To curb burden of school property taxes, Austin looks at ‘tax swap’

Austin skyline (KXAN Photo/ Frank Martinez)
Austin skyline (KXAN Photo/ Frank Martinez)

AUSTIN (KXAN) — A new proposal from the city of Austin would lower the largest part of your tax bill in exchange for an increase elsewhere.

If someone lives in Austin, 75 percent of their property tax bill goes to the Austin Independent School District, which in turn gives the majority of the district’s money back to the state under Texas school finance formulas. City staff presented an idea to city council members in a work session early Wednesday morning. The current proposal has the city entering into an interlocal agreement with AISD to “provide funding for services that serve a municipal purpose,” according to the council agenda.

The proposal calls for raising city property taxes to off set school taxes in AISD and six other districts that are in the city of Austin limits. It would work as a tax swap with AISD to reduce some of the funds recaptured by the state and given to less property rich school districts across Texas.

Mayor Steve Adler tells KXAN this “tax swap” could share the burden and lower the overall tax bills for people who live in Austin. Adler tells KXAN he would not support the measure unless it lowers taxes overall.

The Austin City Council voted to consider setting the proposed property tax rate at the maximum amount of 46.51 cents per $100 of taxable value, which is 2 cents higher than the rollback tax. The current effective tax rate is 41.07 cents. If approved, this would be an increase of 13.2 percent.

There will be two public meetings for citizens to weigh in on the rate increase.

Wednesday’s approval doesn’t necessarily require the adoption of a higher tax rate.
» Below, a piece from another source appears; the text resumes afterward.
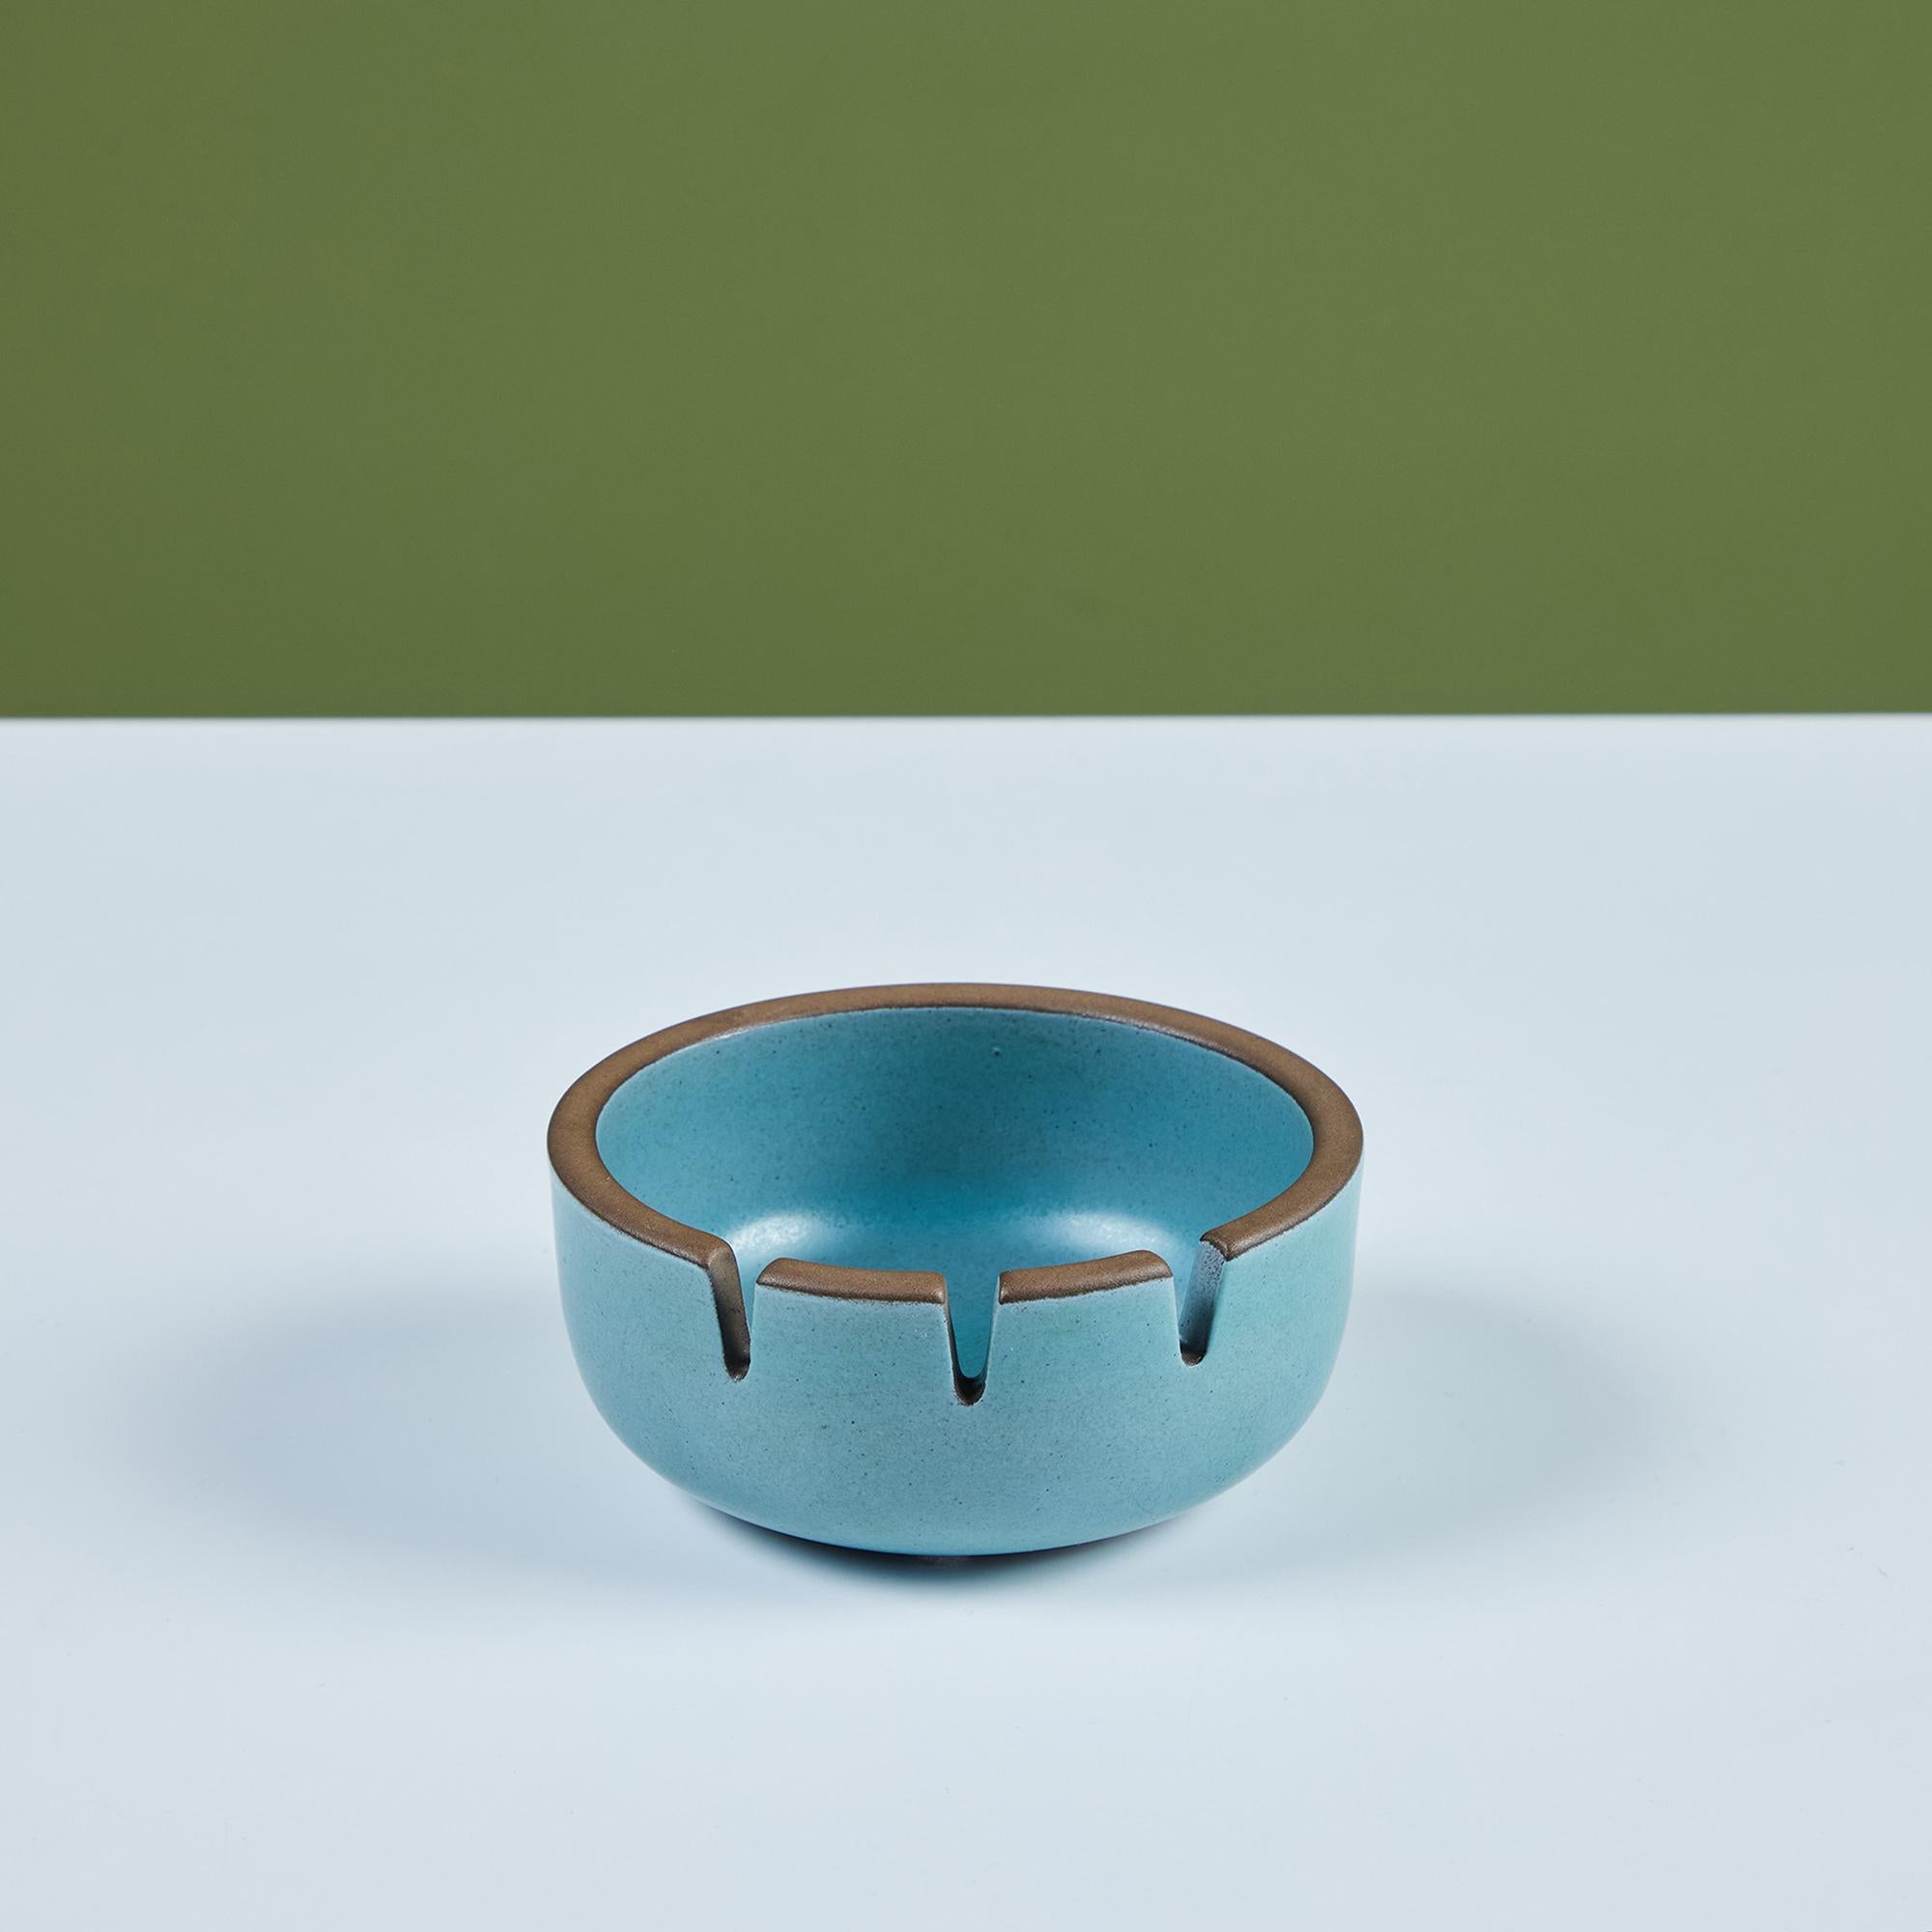 Cendrier en céramique émaillée de Heath Ceramics, c.1960s, USA. Le cendrier est recouvert d'une glaçure bleue à l'extérieur et à l'intérieur. Il y a trois emplacements pour les cigarettes. Peut également servir de fourre-tout décoratif ou de

It just “merely sets the ceiling” of what the city council can consider after adopting the city’s budget.

Council Member Ellen Troxclair was one of the four council members — Delia Garza, Ora Houston and Jimmy Flannigan — who voted against the proposed measure.

“It is so upsetting to me to know there [are] so many people in the city who are struggling with property taxes and affordability, and the city decides they can afford an 8 percent tax increase year after year. I was opposed to the 8 percent, and now we’re even exceeding that rate,” said Troxclair in a release. “It’s outrageous. I will be absolutely the first person to sign a petition for a rollback election, and I will lead the opposition in opposing a 14 percent tax increase.”

Approximately 25 percent of city of Austin residents live outside of the AISD boundary. In all three scenarios presented during the meeting, those homeowners would experience higher tax bills while the AISD homeowners would pay less.

The first public hearing is scheduled for 4 p.m. Aug. 17 and the second one is on Aug. 31. Both will be held during the regularly scheduled council meetings at city hall.

After the hearings, the council can adopt the tax rate proposed or a lower tax rate. The vote on the budget is scheduled for Sept. 11.

Editor’s Note: The headline and story have been changed throughout.